Richard III wasn't a hunchback
Shakespeare called him a "poisonous bunch-backed toad," which would have been pretty mean if it was true and he'd lived to hear the insult. As it turns out, Richard III was not hunchbacked and couldn't have been used as an ingredient in poison darts. Today we know that being hunchbacked has nothing to do with personality, but remember this was a time when people dumped their chamber pots into the river, so they weren't exactly predisposed to political correctness. Still, the "bunch-backed" description persisted from Tudor times right up until Richard's skeleton was found buried under a parking lot in 2012.
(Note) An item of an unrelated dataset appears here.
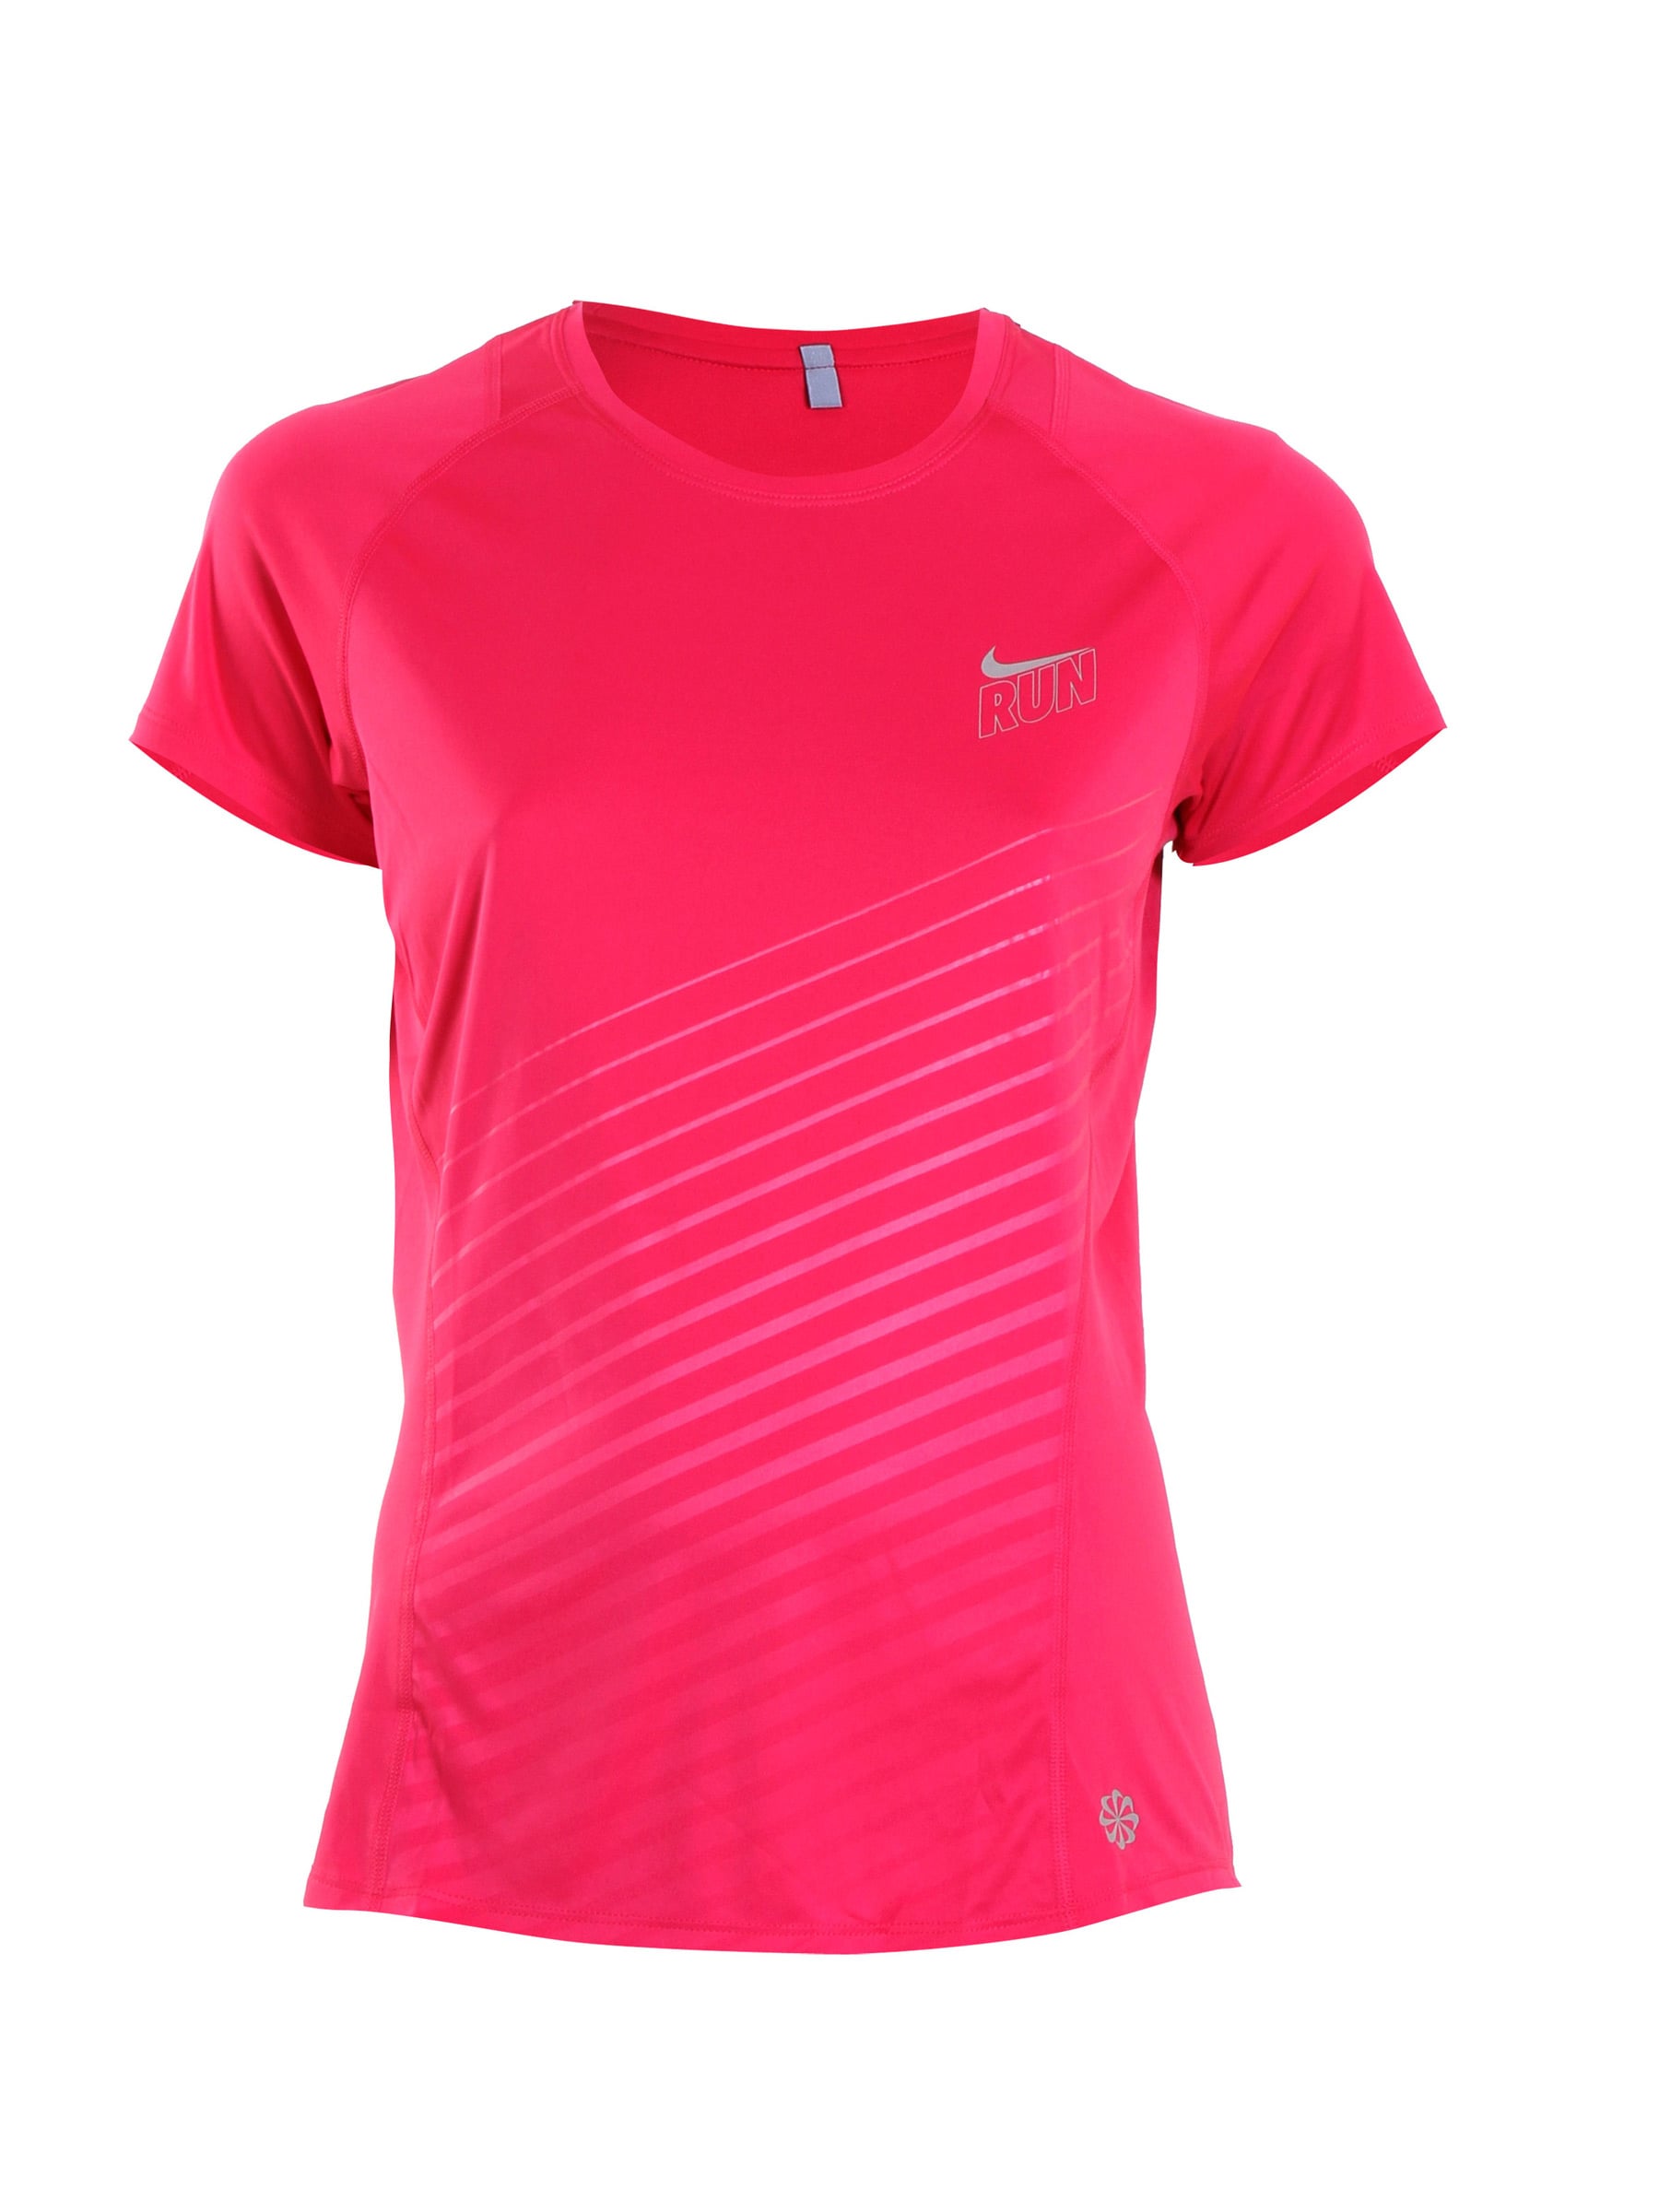 Nike Women SS Pink T-shirt
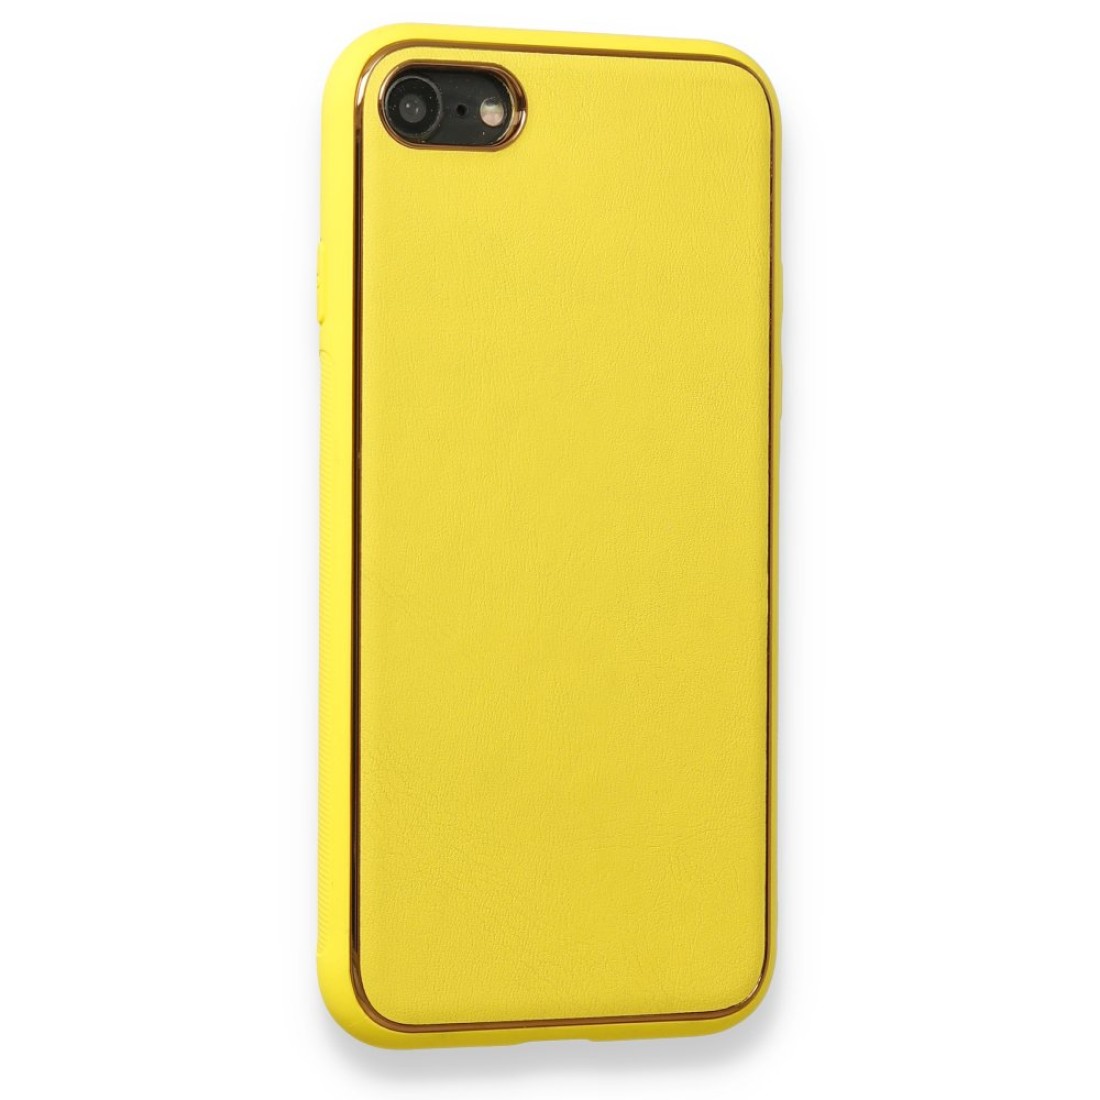 Apple iPhone SE 2020 Kılıf Coco Deri Silikon Kapak - Sarı

At first, the skeleton's profoundly curved spine made everyone think that Shakespeare had been right, but according to CNN, researchers later showed that the king's scoliosis wouldn't have troubled him much and certainly wouldn't have been obvious to most people. There's also no evidence that he limped, had a permanently tilted head, or a face like a toad — in fact his contemporaries described him as "the most handsome man in the room after his brother." So what's with the whole hunchback thing? Richard's Tudor successor didn't really have much claim to the throne, and to protect it he had a pretty strong interest in making himself look like the better man for the job. Clearly, a hunchback with a "poisonous" personality would have been a lot worse than the guy who founded the Tudor dynasty and fathered Henry VIII. He did, in fact, have a poisonous personality, but that's another story.